## WHAT THIS TASK INVOLVES
Repeat verbatim what the listing holds, but not its pictures.

══ GIVEN MATERIAL ══

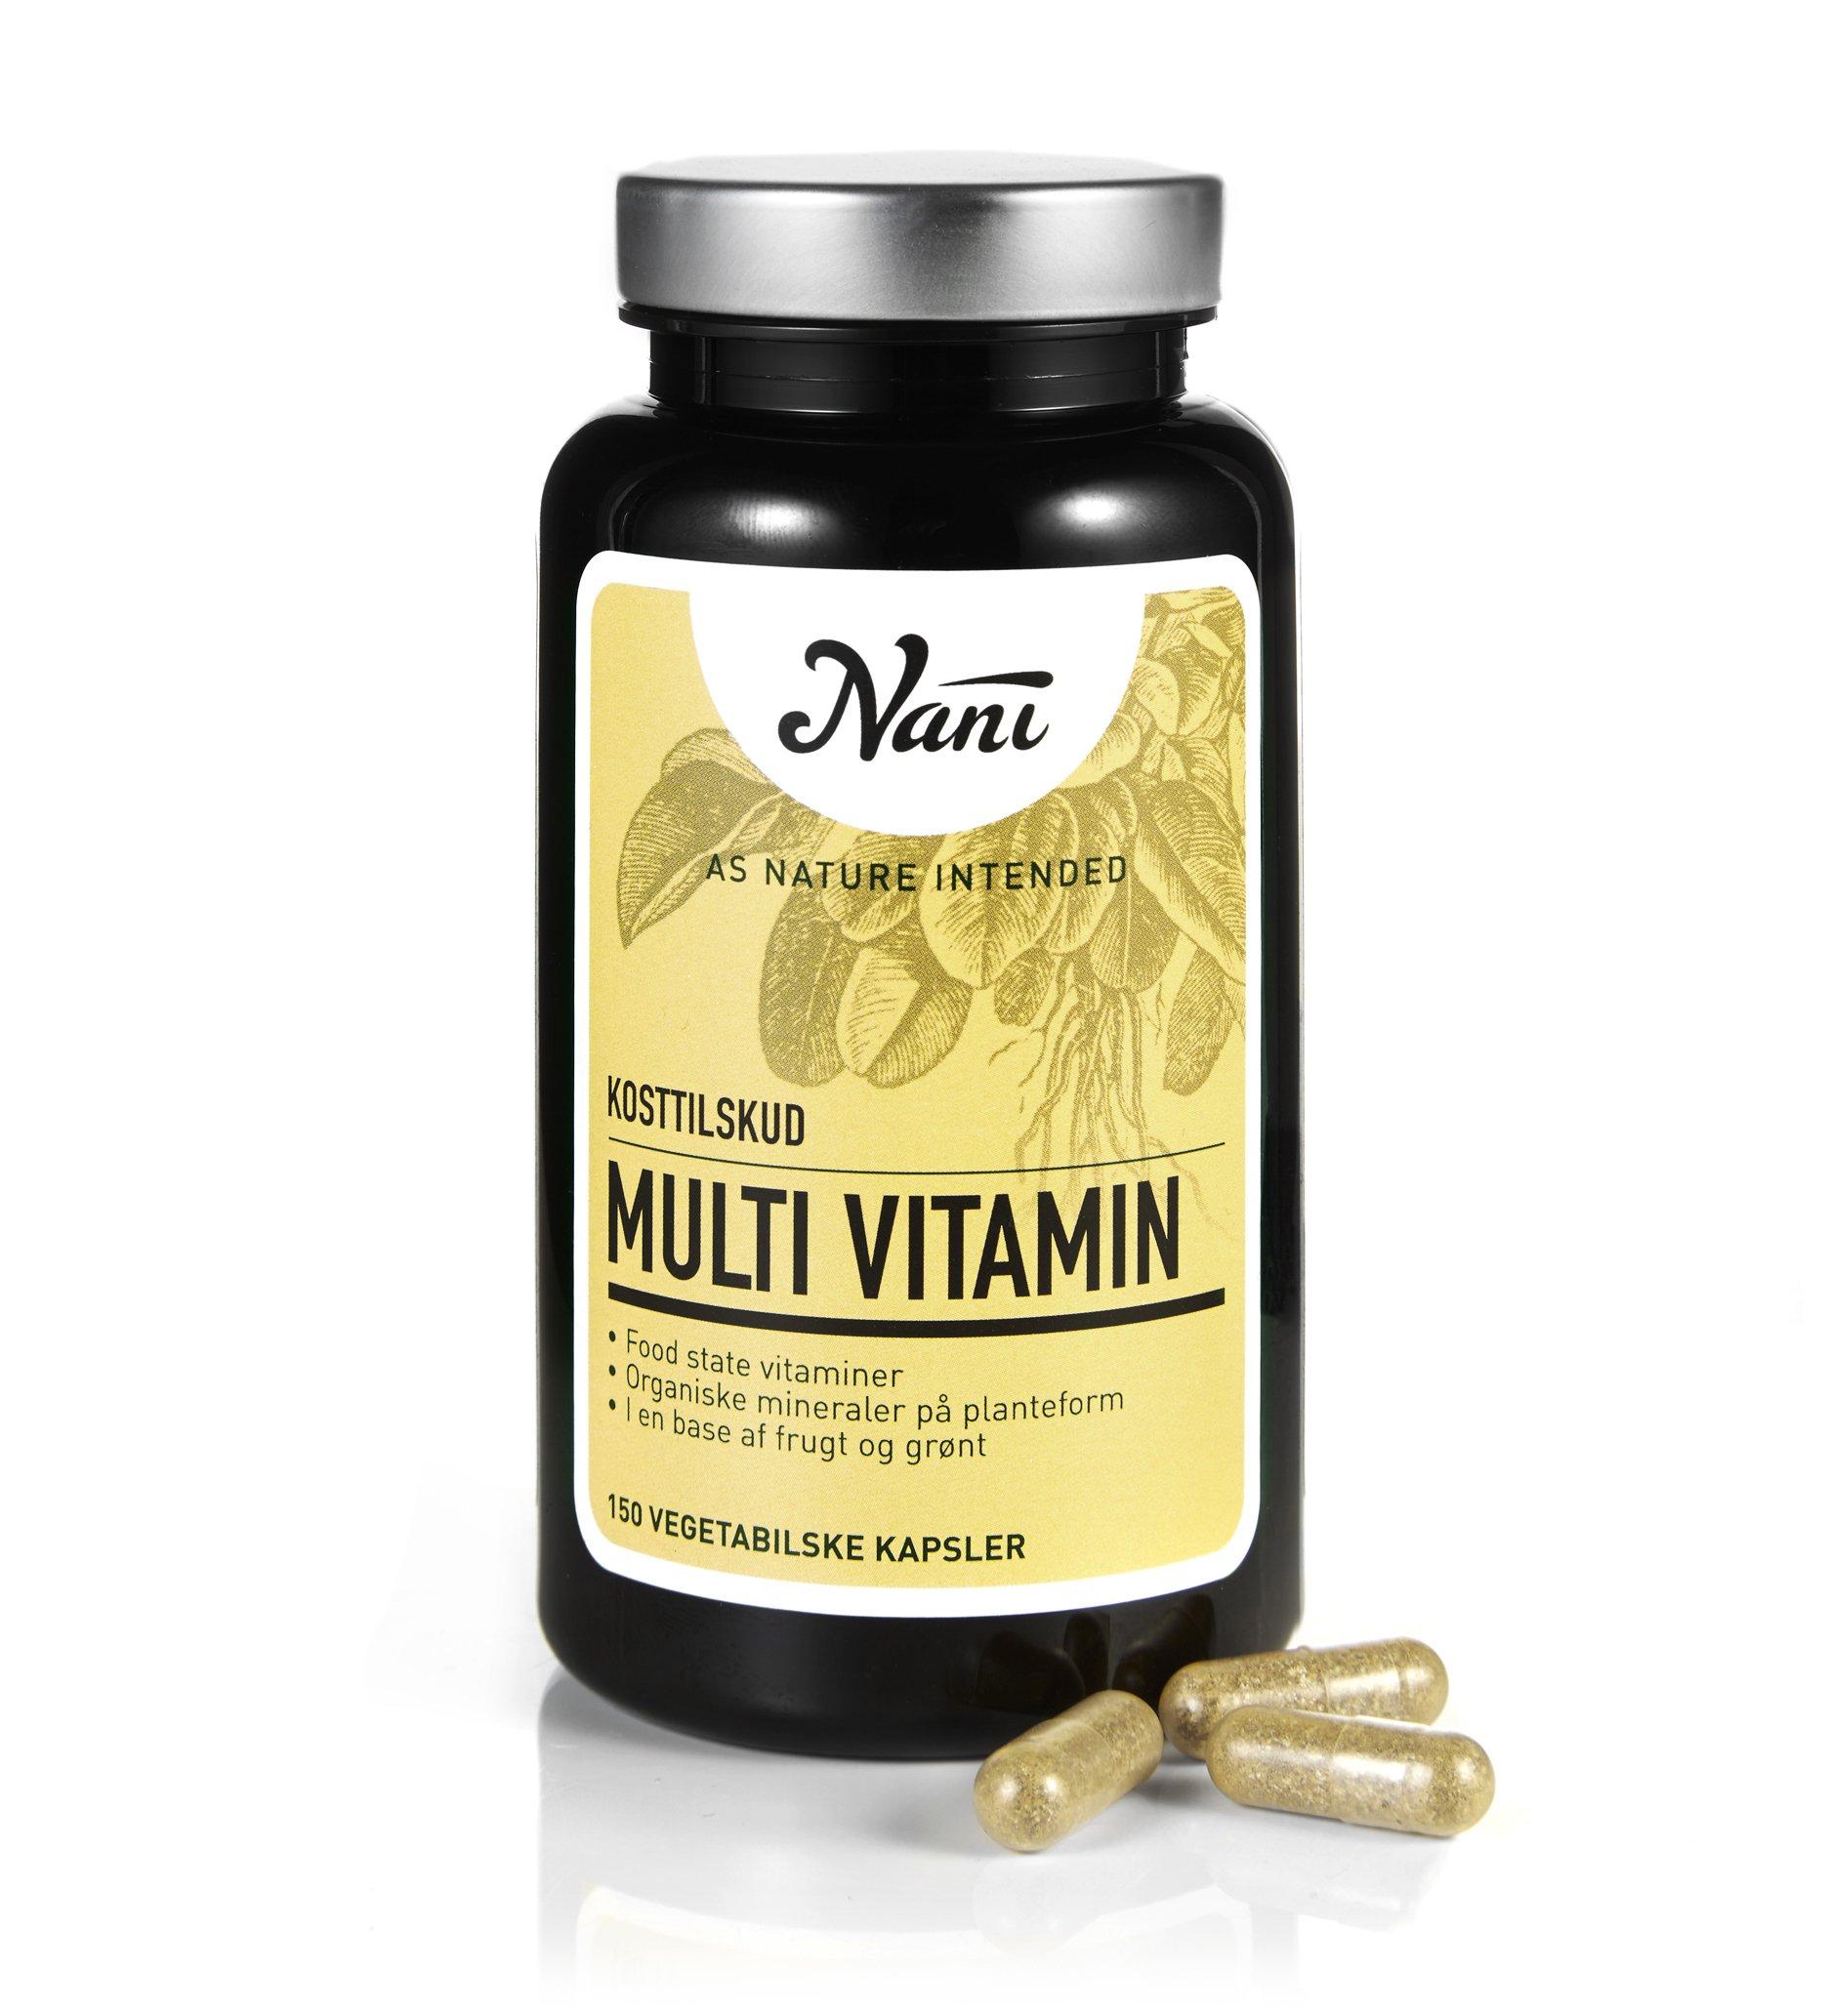 Nani Multi Vitamin
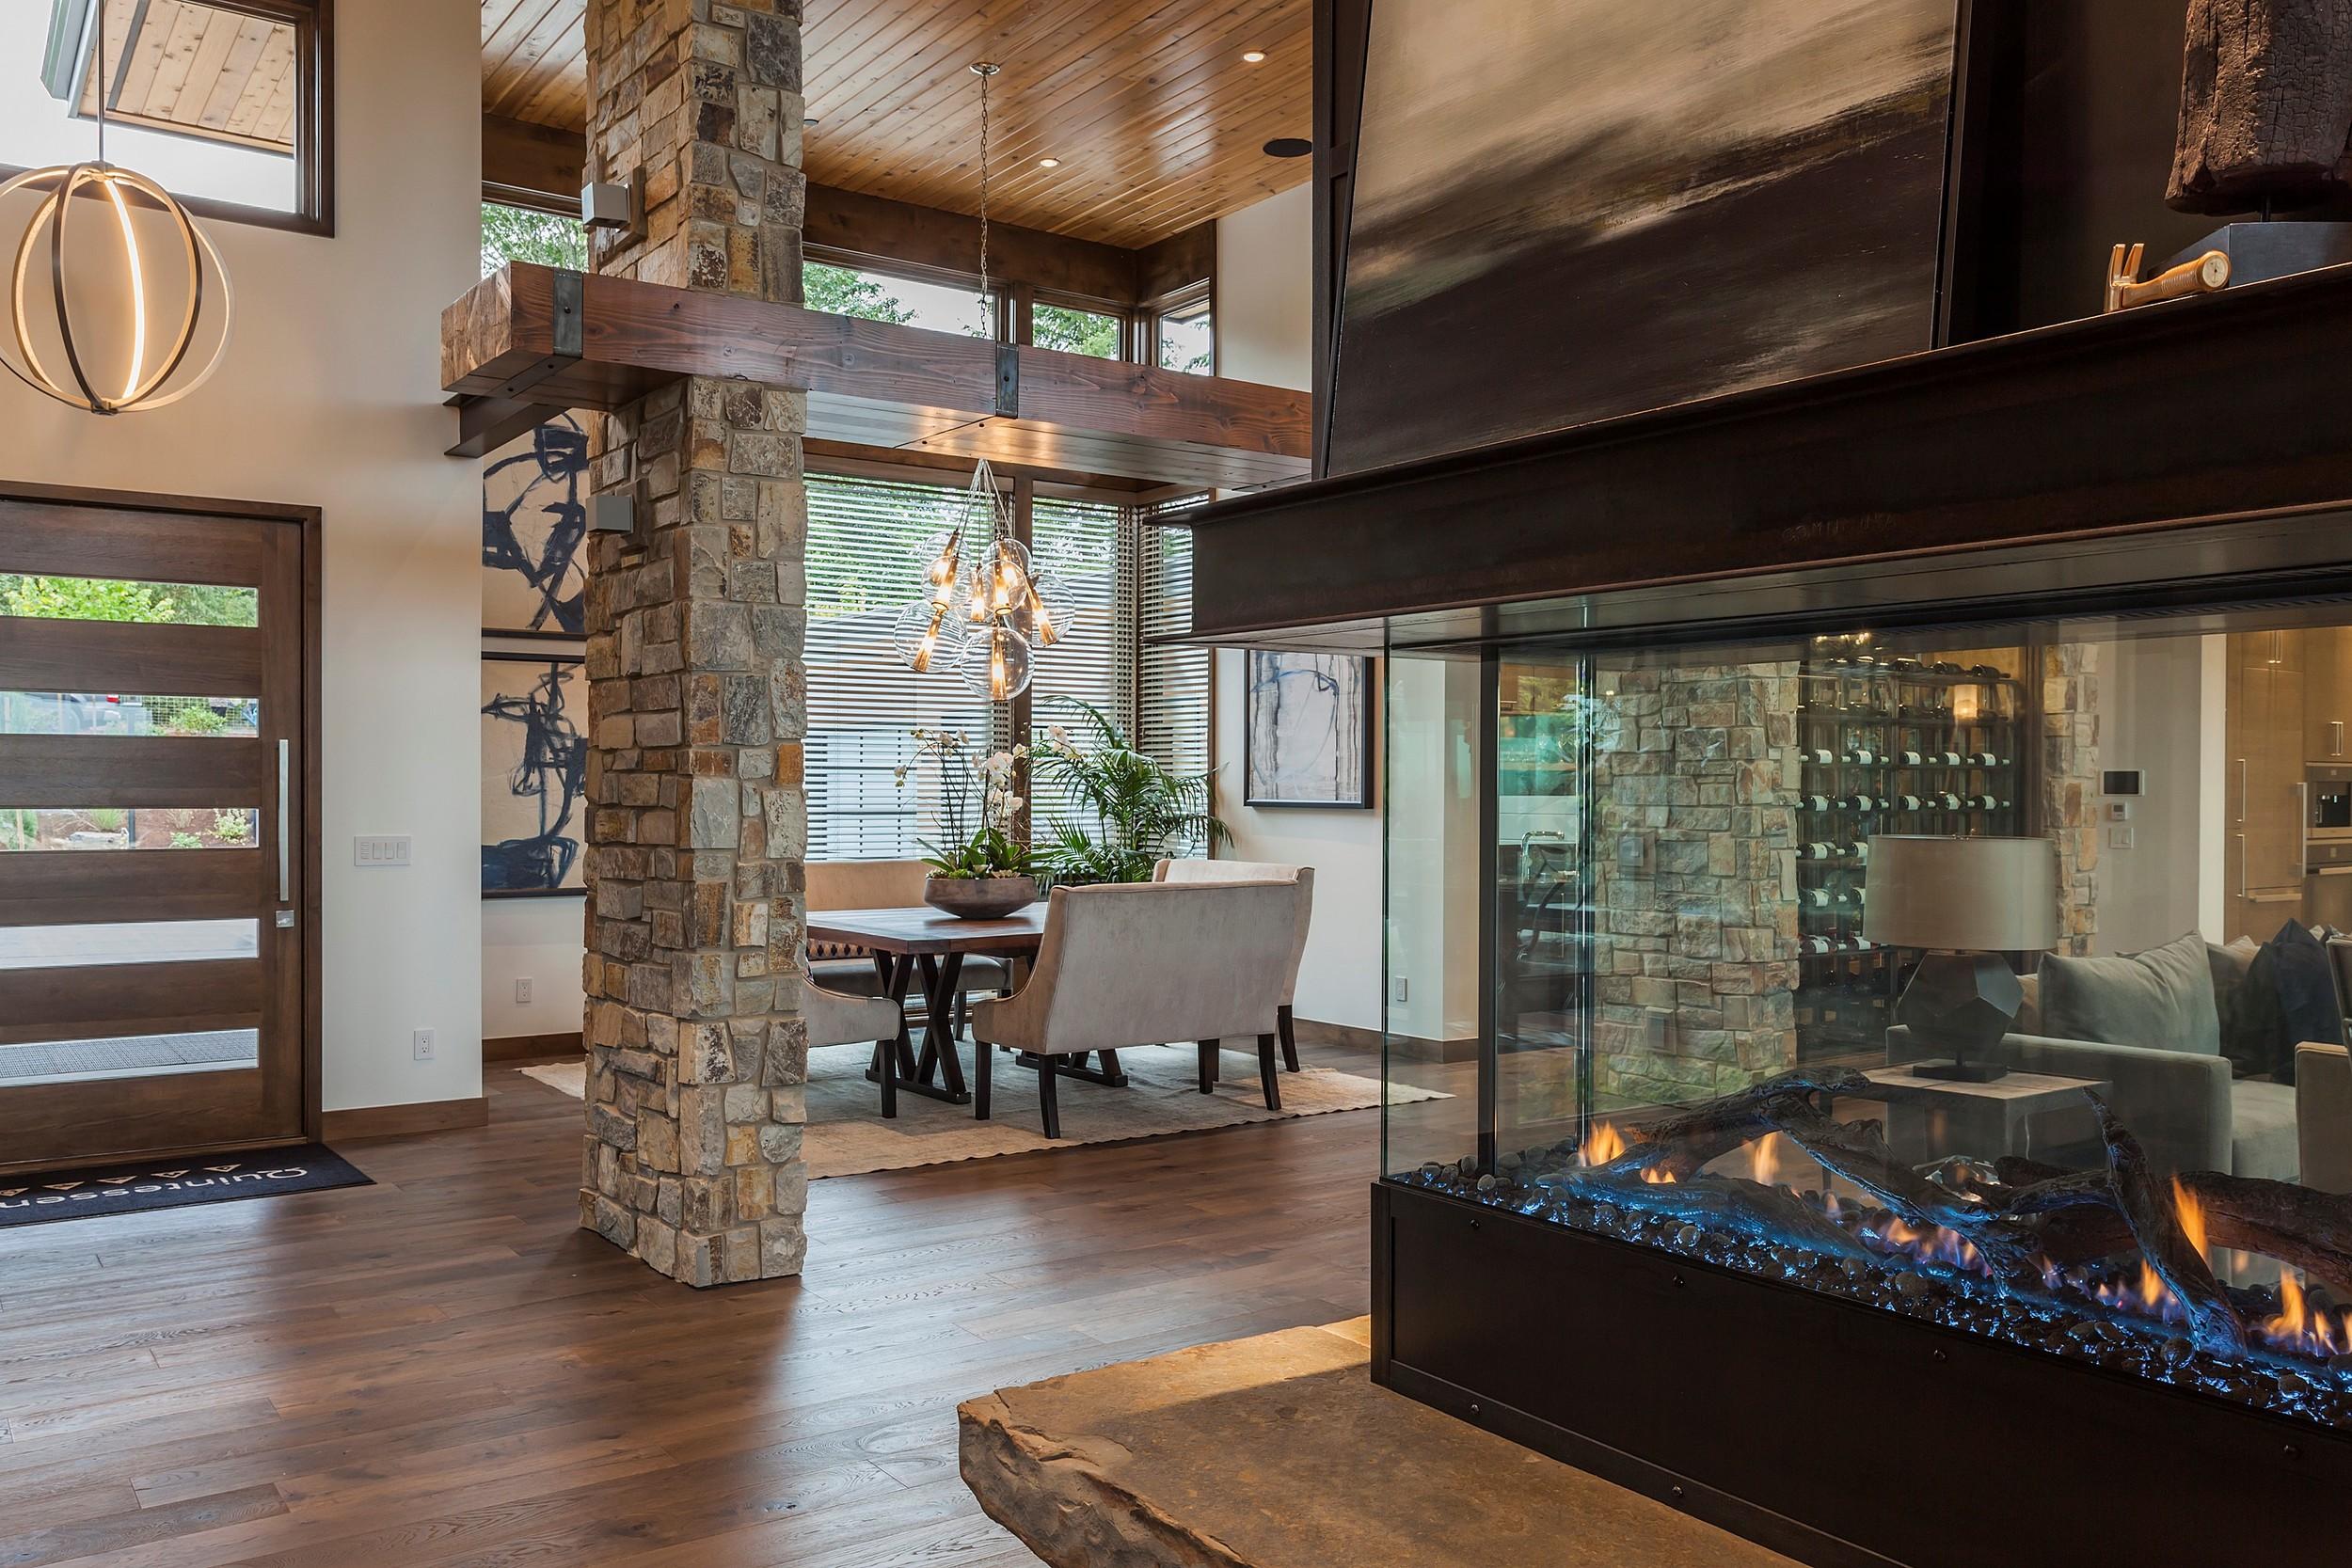 Fireplace & Dining
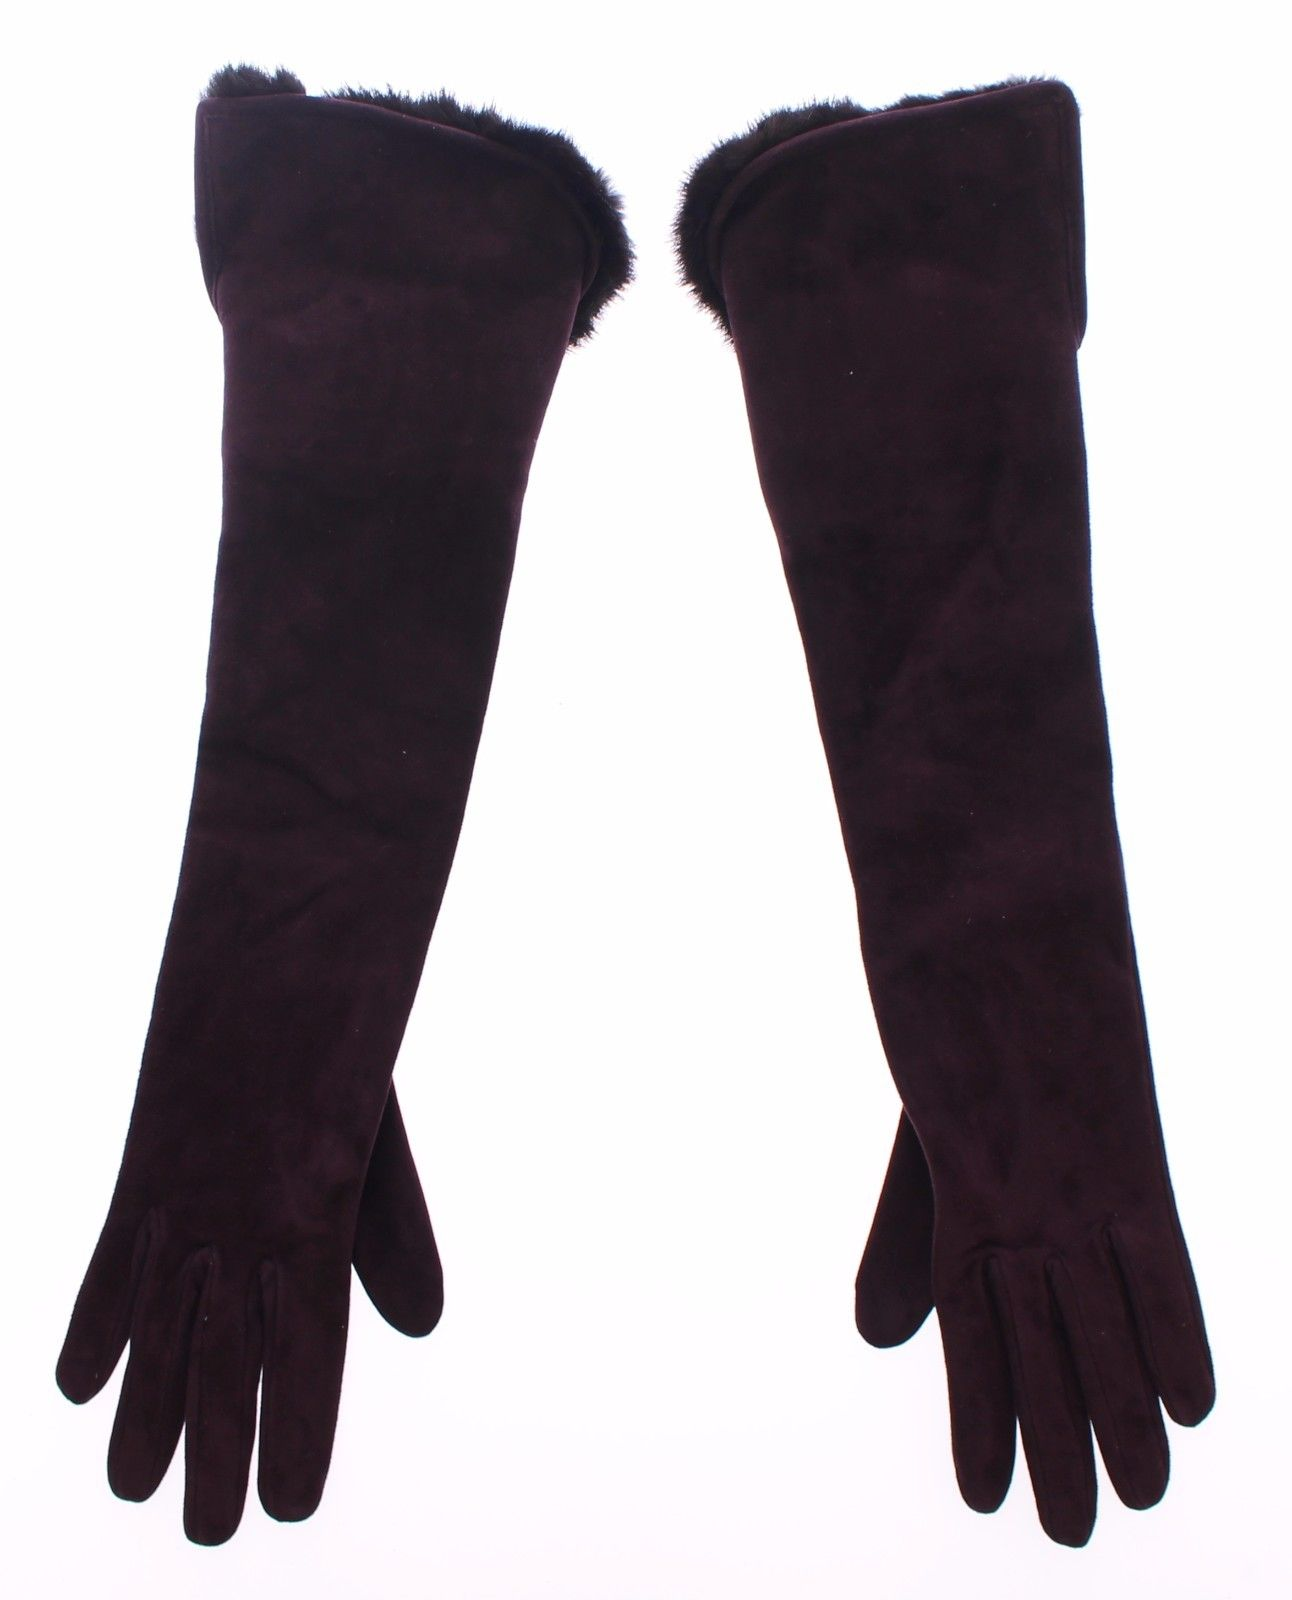 Dolce & Gabbana Women's Mink Fur Goatskin Suede Leather Gloves Purple MOM11456 - 7.5   M

═══

## SOLUTION TO THIS EXERCISE
 Nani Multi Vitamin
 Fireplace & Dining
 Dolce & Gabbana Women's Mink Fur Goatskin Suede Leather Gloves Purple MOM11456 - 7.5   M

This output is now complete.